WHAT TO PRODUCE
Could you retype exactly the lines below between the one holding "SN-5 Набор для" and the one holding "2 Kisten Beck's", inclusive, leaving out any pictures?

AVAILABLE DATA

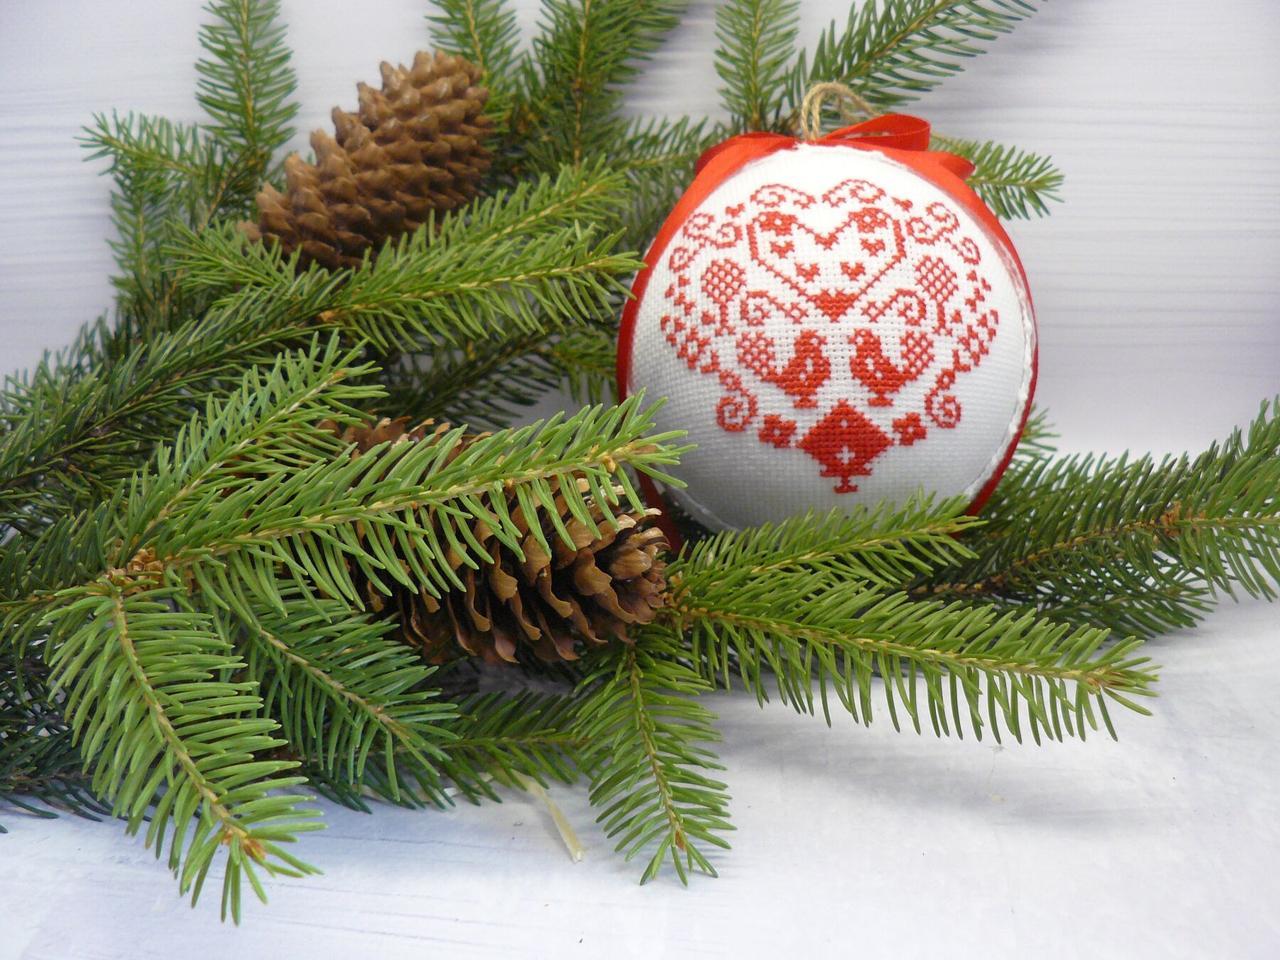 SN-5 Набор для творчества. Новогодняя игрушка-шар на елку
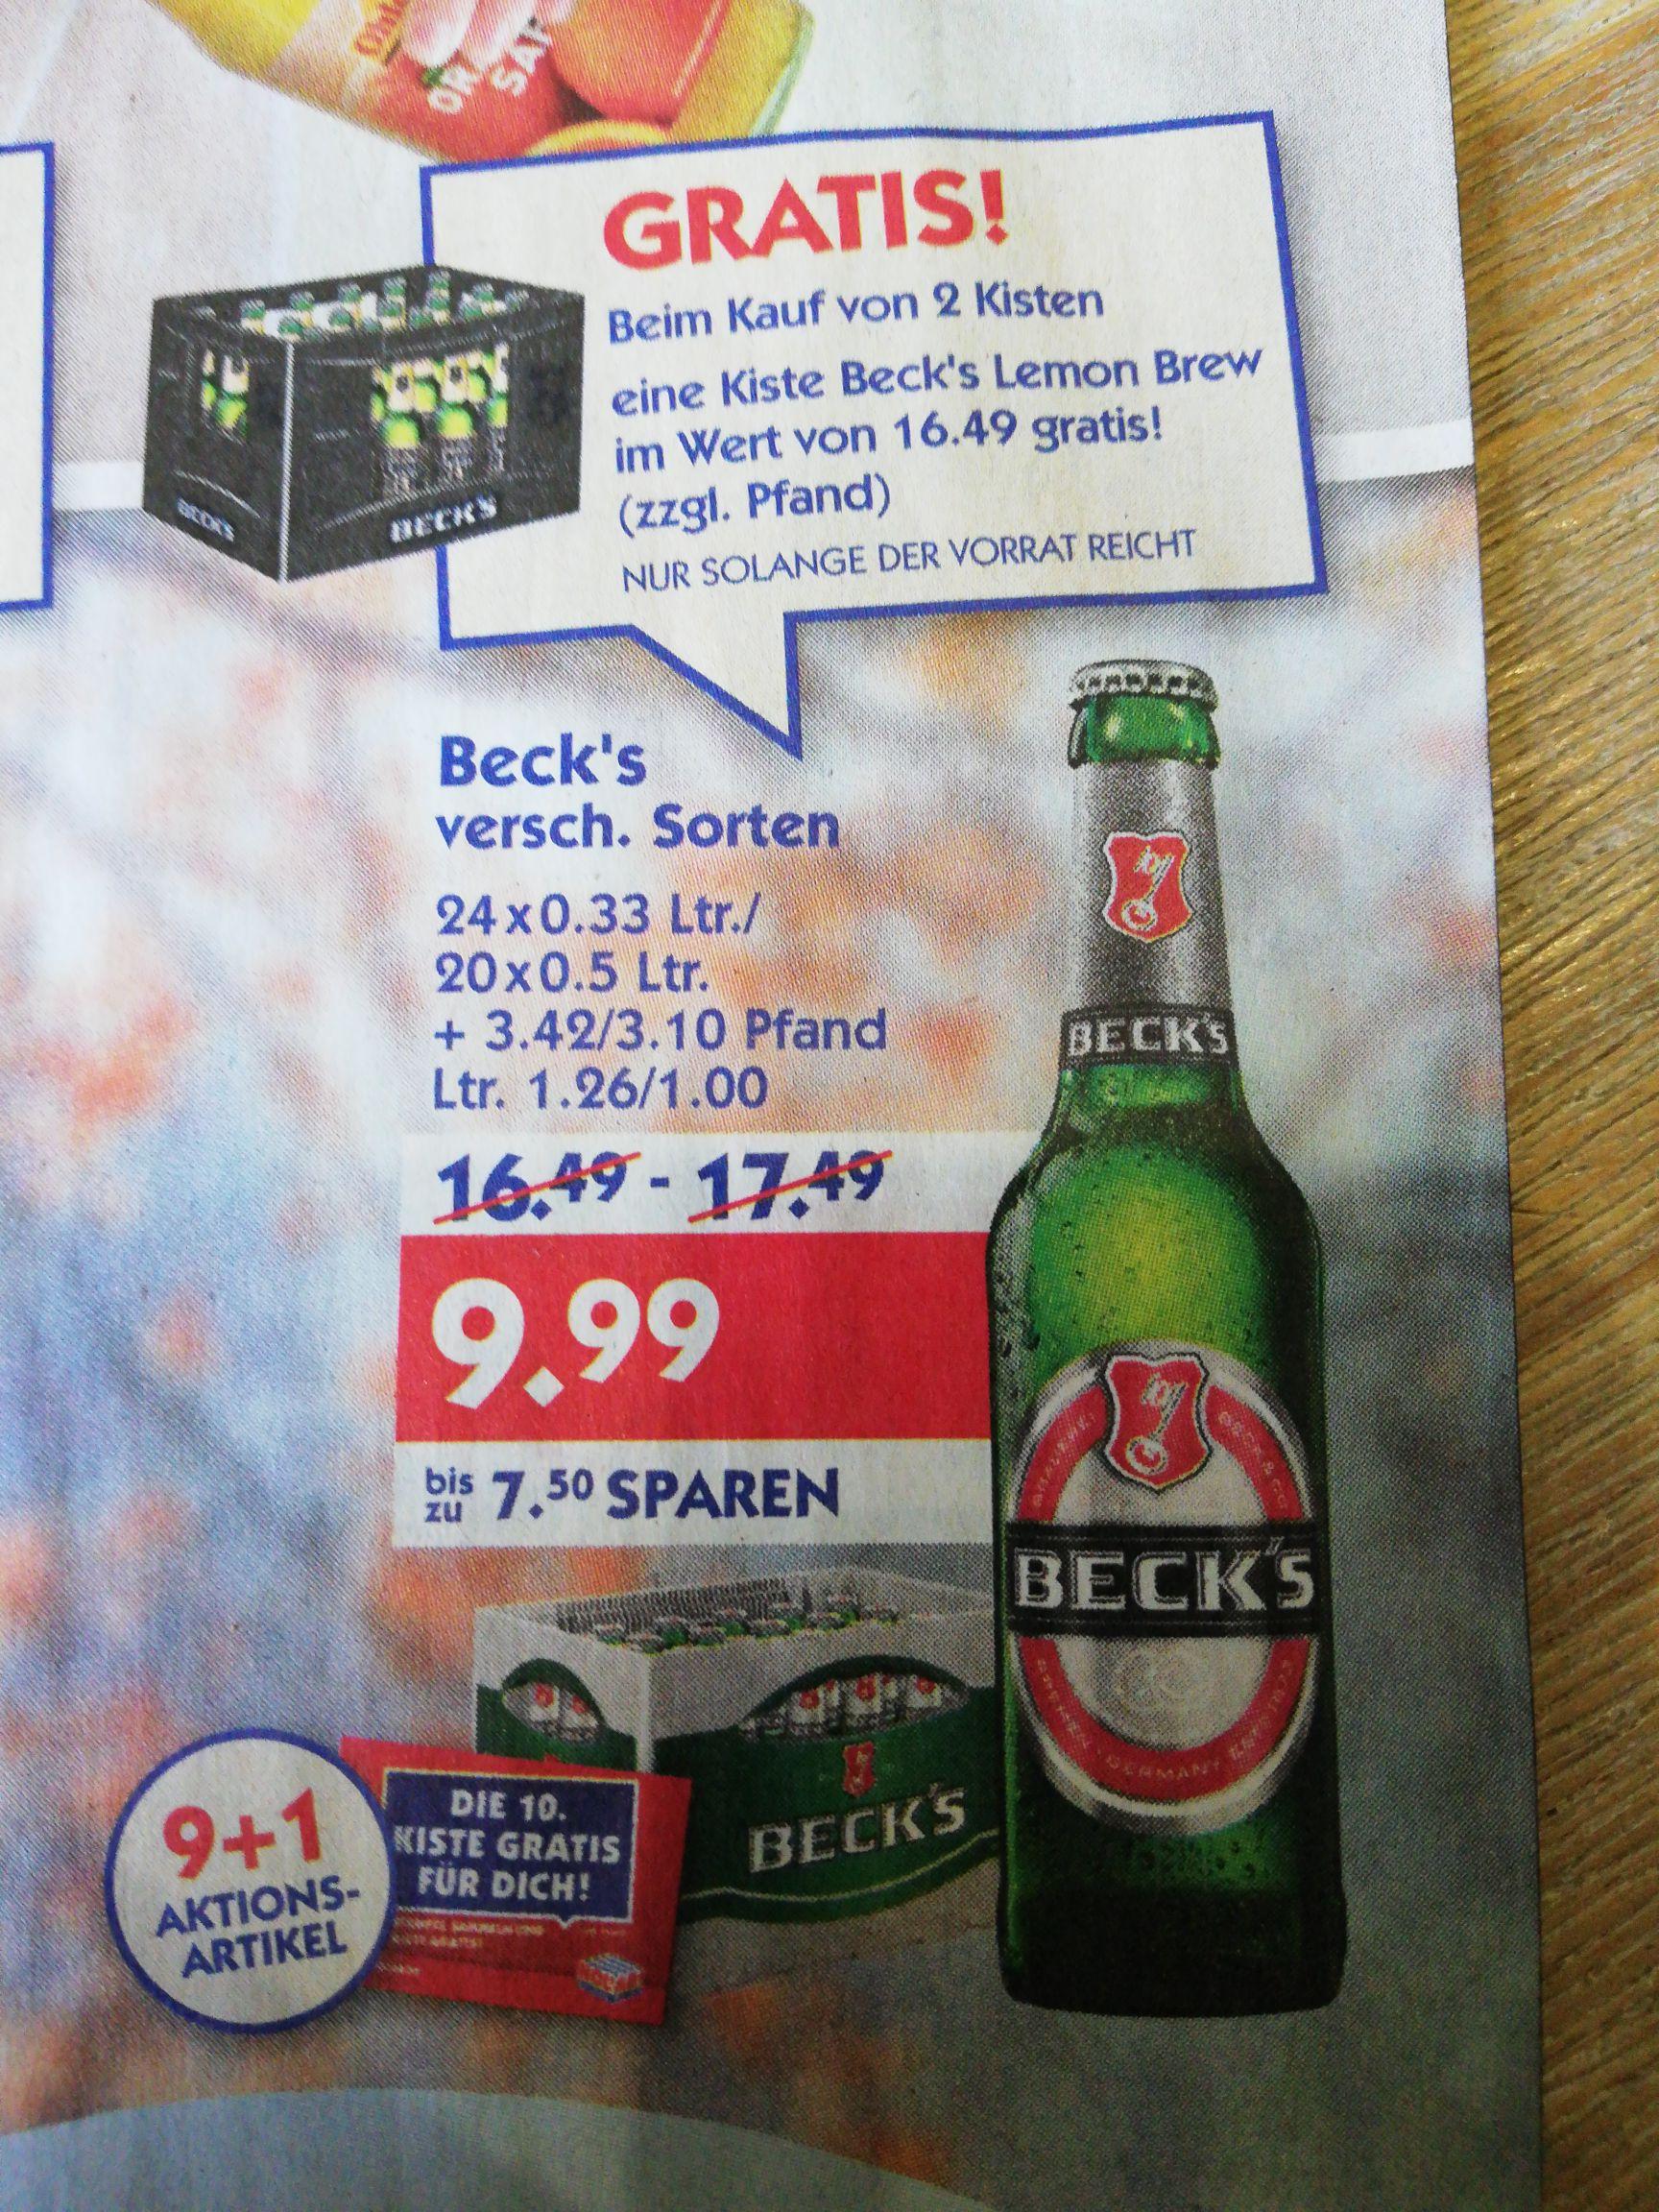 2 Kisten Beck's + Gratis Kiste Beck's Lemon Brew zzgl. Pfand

--

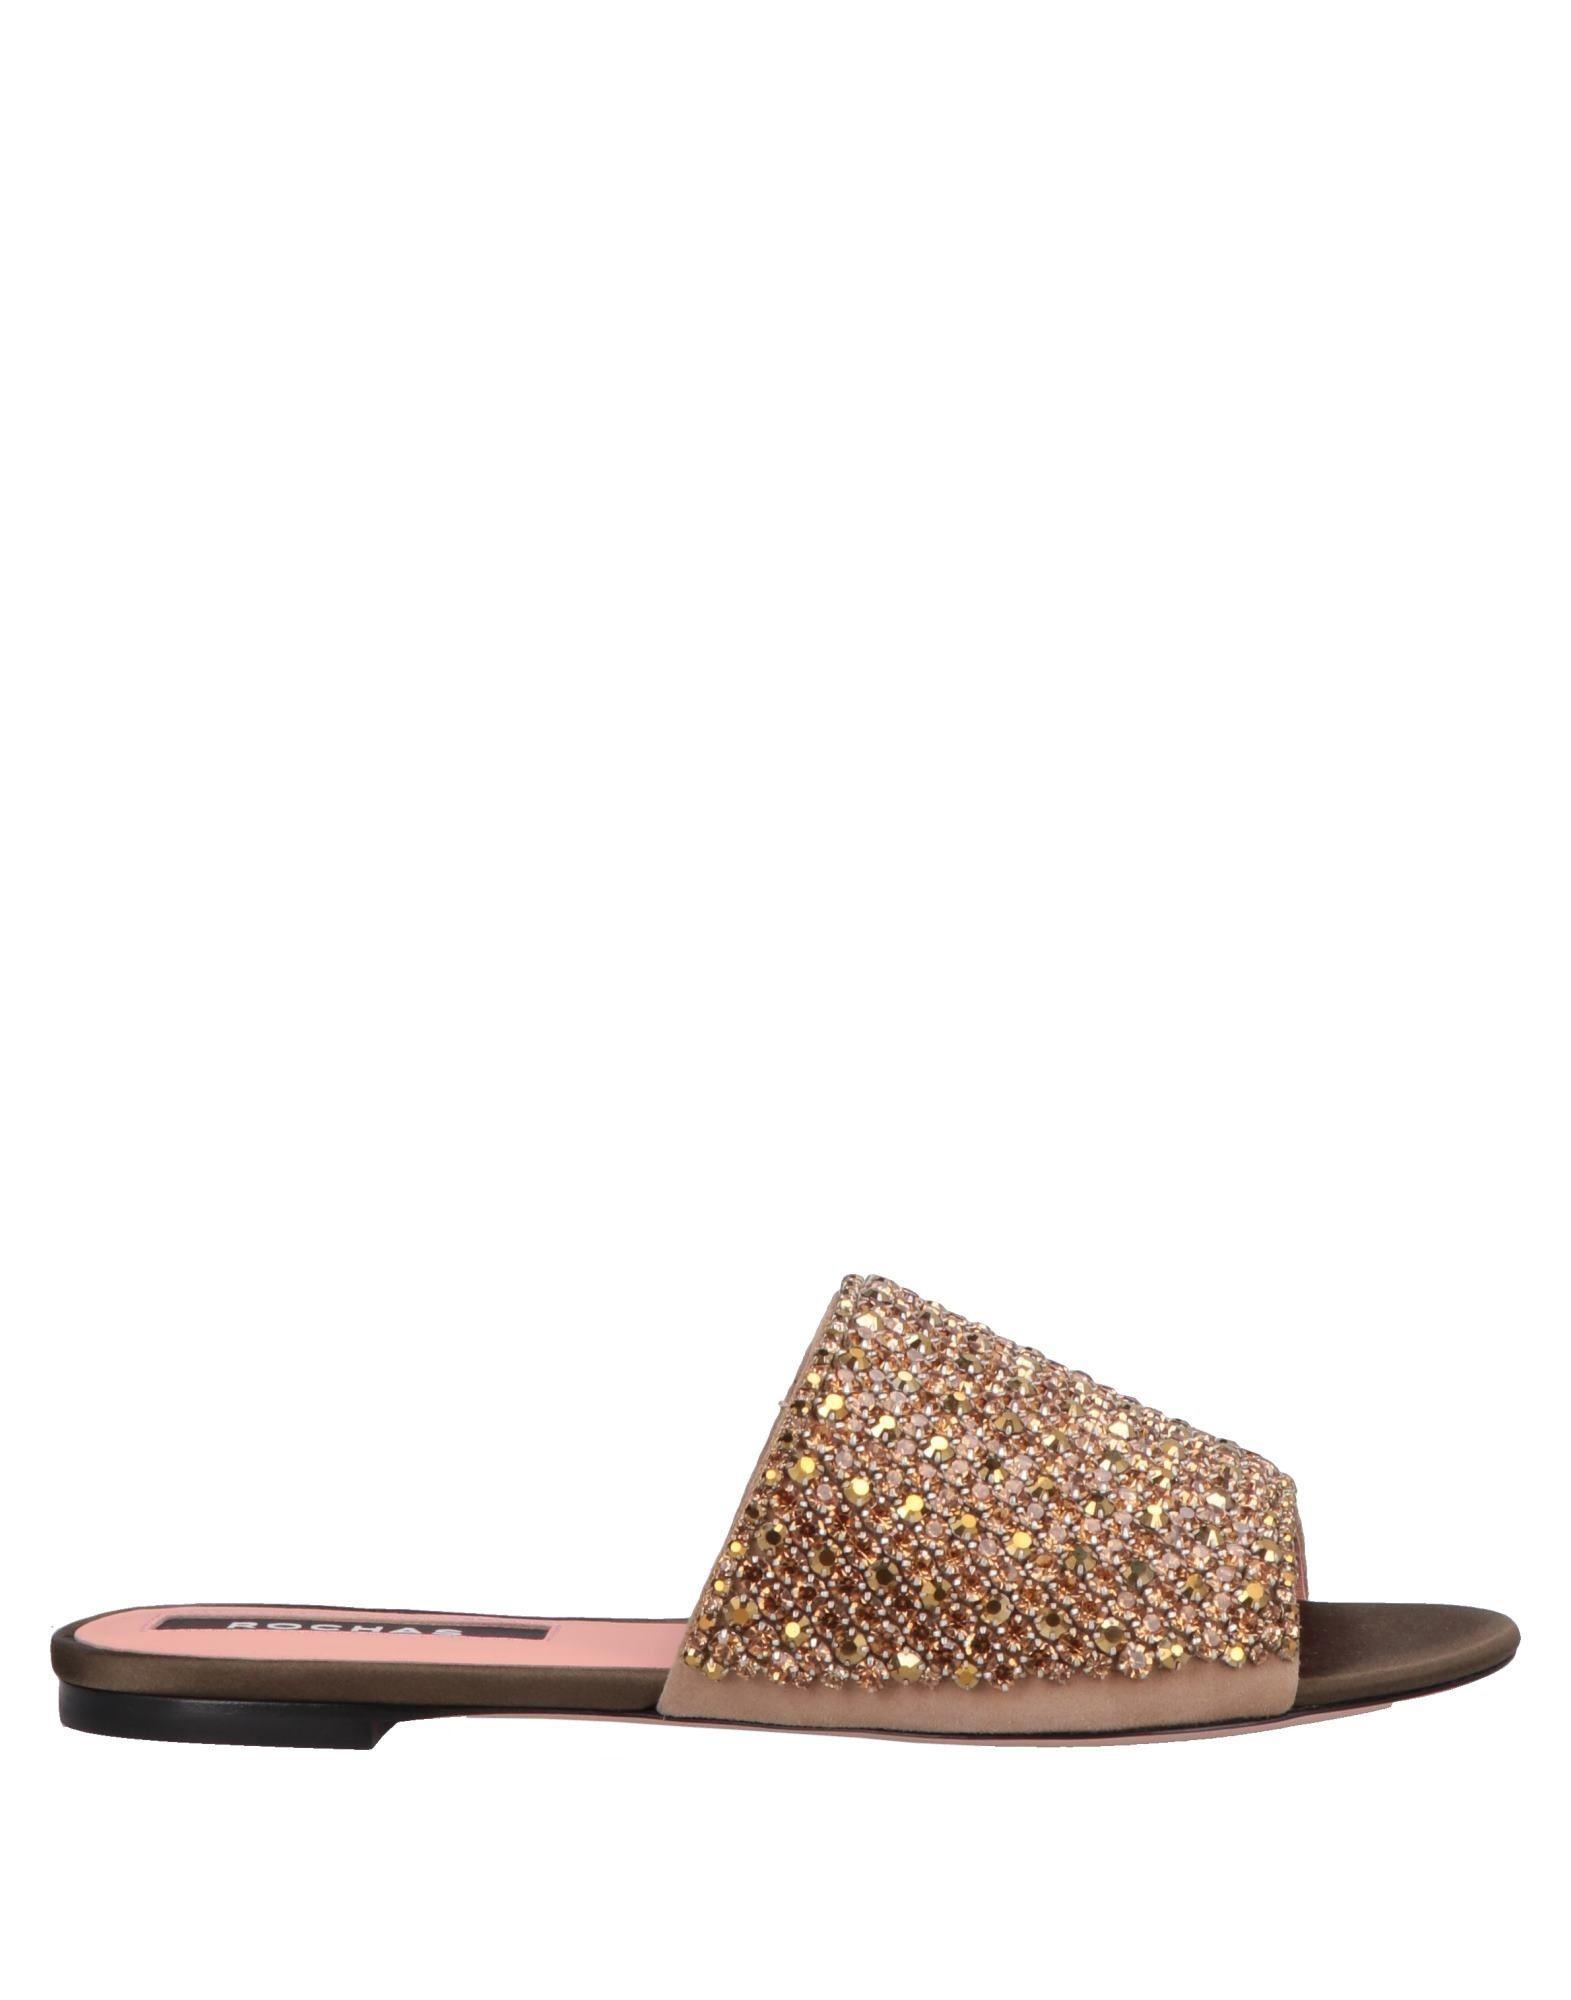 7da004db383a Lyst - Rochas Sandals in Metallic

RESPONSE
 SN-5 Набор для творчества. Новогодняя игрушка-шар на елку
 2 Kisten Beck's + Gratis Kiste Beck's Lemon Brew zzgl. Pfand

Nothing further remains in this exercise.